Creio inabalavelmente que se nossos planos mudam de acordo com a quantidade de riqueza que podemos acumular, então nosso coração definitivamente não está no reino de Deus. Aqueles que fazem parte do Reino irão empreender grandes coisas, quer tenham dinheiro, quer não. Seus planos são imutáveis, pois são fundamentados em um Deus imutável. Se o dinheiro vier, tais pessoas já sabem o que fazer. Se o dinheiro não vier, tais pessoas irão buscar em Deus o “como fazer”. Mas sabem quem são e a que Reino pertencem. Portanto não faz sentido se embaraçar com coisas deste mundo mesmo que pareçam lícitas, pois “todas as coisas me são lícitas, mas nem todas as coisas me convém”.
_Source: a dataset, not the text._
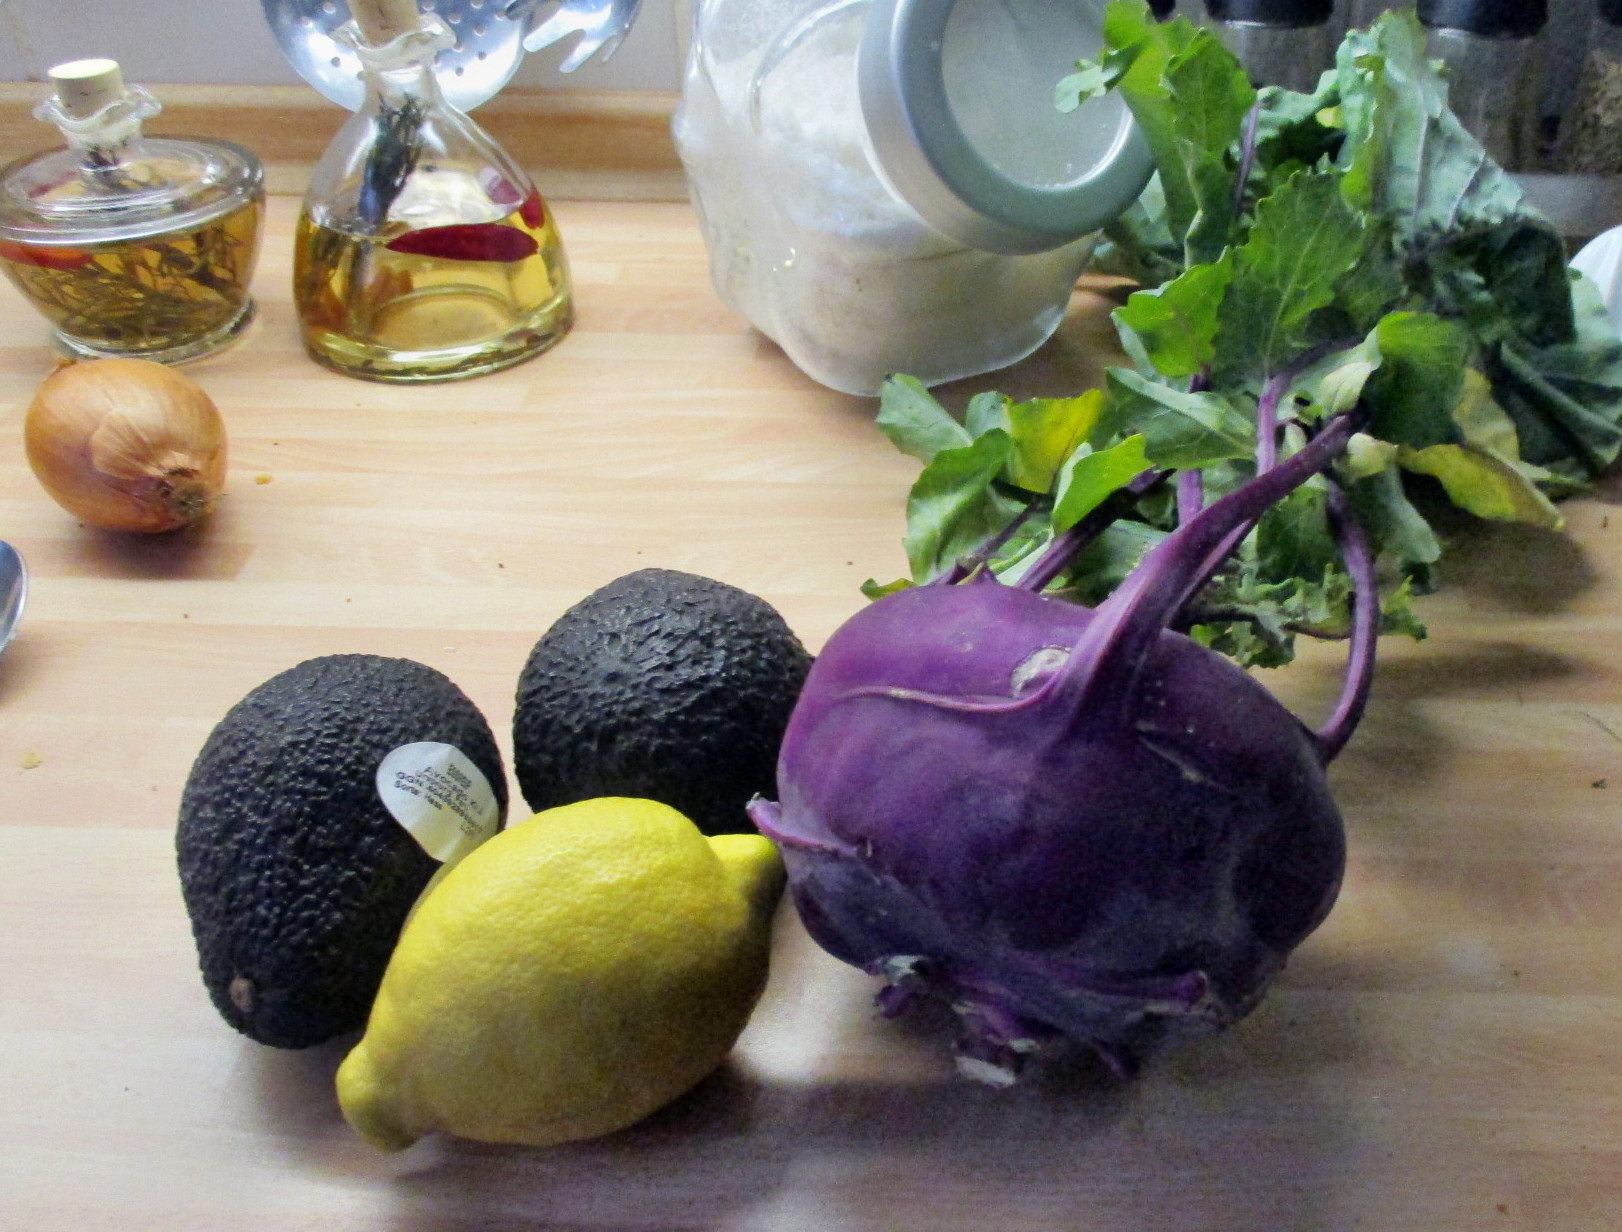 Kohlrabigemüse,Rote Betesalat,Guacamole,Karoffeln-15.7.15 (4)

Se pensamos que Deus realmente está preocupado com nosso conforto e com nossa estabilidade financeira, então somos os maiores hipócritas na face da terra. Não foi este o exemplo que Cristo nos deu. E não importa o quanto desejamos insistir em viver uma alegoria conveniente das escrituras, pois a verdade não pode ser ocultada para sempre. A verdade é como a luz que se manifesta de maneira a subjugar completamente a escuridão. Pode ser que porque ainda não foi manifesta a luz eterna de maneira visível a toda carne, possamos encontrar nesta vida algumas sombras para nos encondermos. Mas… estas sombras estão com os dias contados.
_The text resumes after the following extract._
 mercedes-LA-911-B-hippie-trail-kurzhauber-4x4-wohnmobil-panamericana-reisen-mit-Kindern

Diz a história que Spurgeon conseguia reunir 12 mil pessoas em suas pregações. Um feito incrível para a época. Mas o que me intriga de fato é imaginar o número de pessoas que não queria vê-lo nem pintado de ouro. Suas palavras eram diretas e confrontavam os interesses pessoais com as verdades eternas. Exatamente o contrário do que fazemos comumente com grande facilidade nos dias de hoje. Reunimos milhões de pessoas para cultuar alegorias que nada tem a ver com a verdade.
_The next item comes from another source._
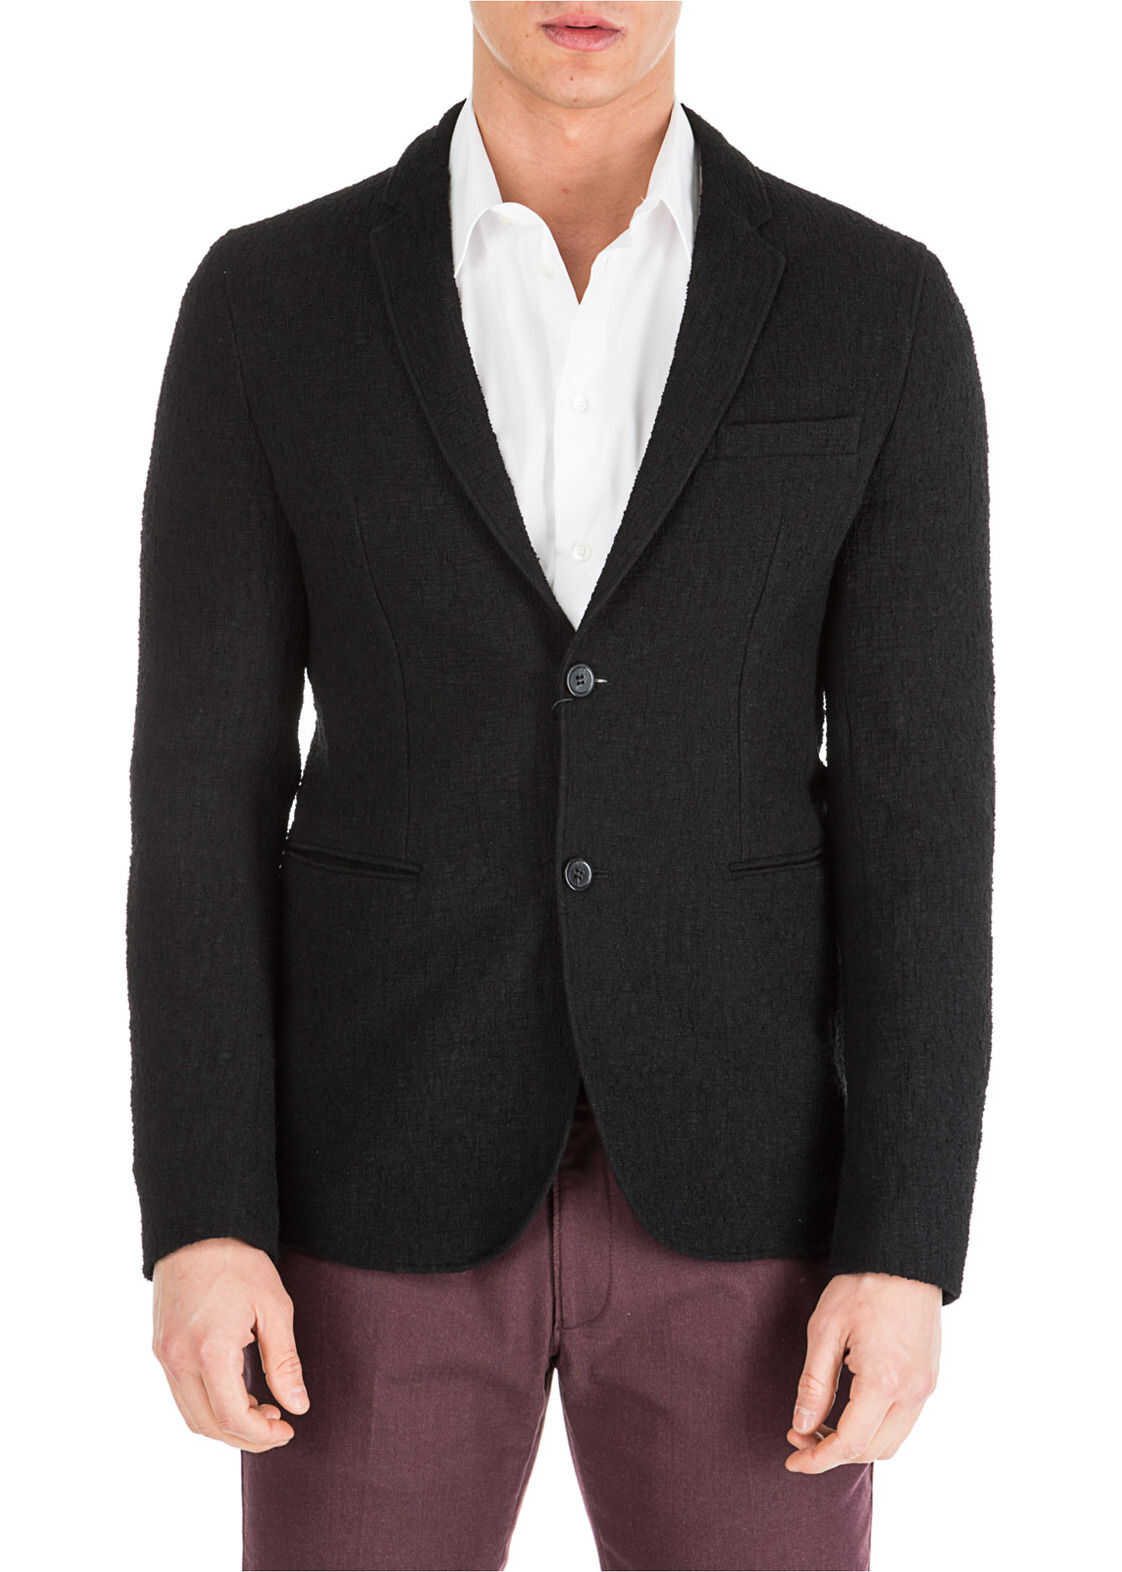 Emporio Armani Jacket Blazer Black

Bem disse o profeta Isaías quando anunciou que, por maior que fosse o número do povo de Israel, o remanescente é que seria salvo.
Eu não faço parte deste sistema demoníaco que aceita todas as coisas mastigadas. Não quero viver um evangelho alegórico e que nada tem de fundamentação na verdade. Preciso de Cristo Jesus integralmente em minha vida. Todo o resto pode esperar. Todo o resto é apenas o resto.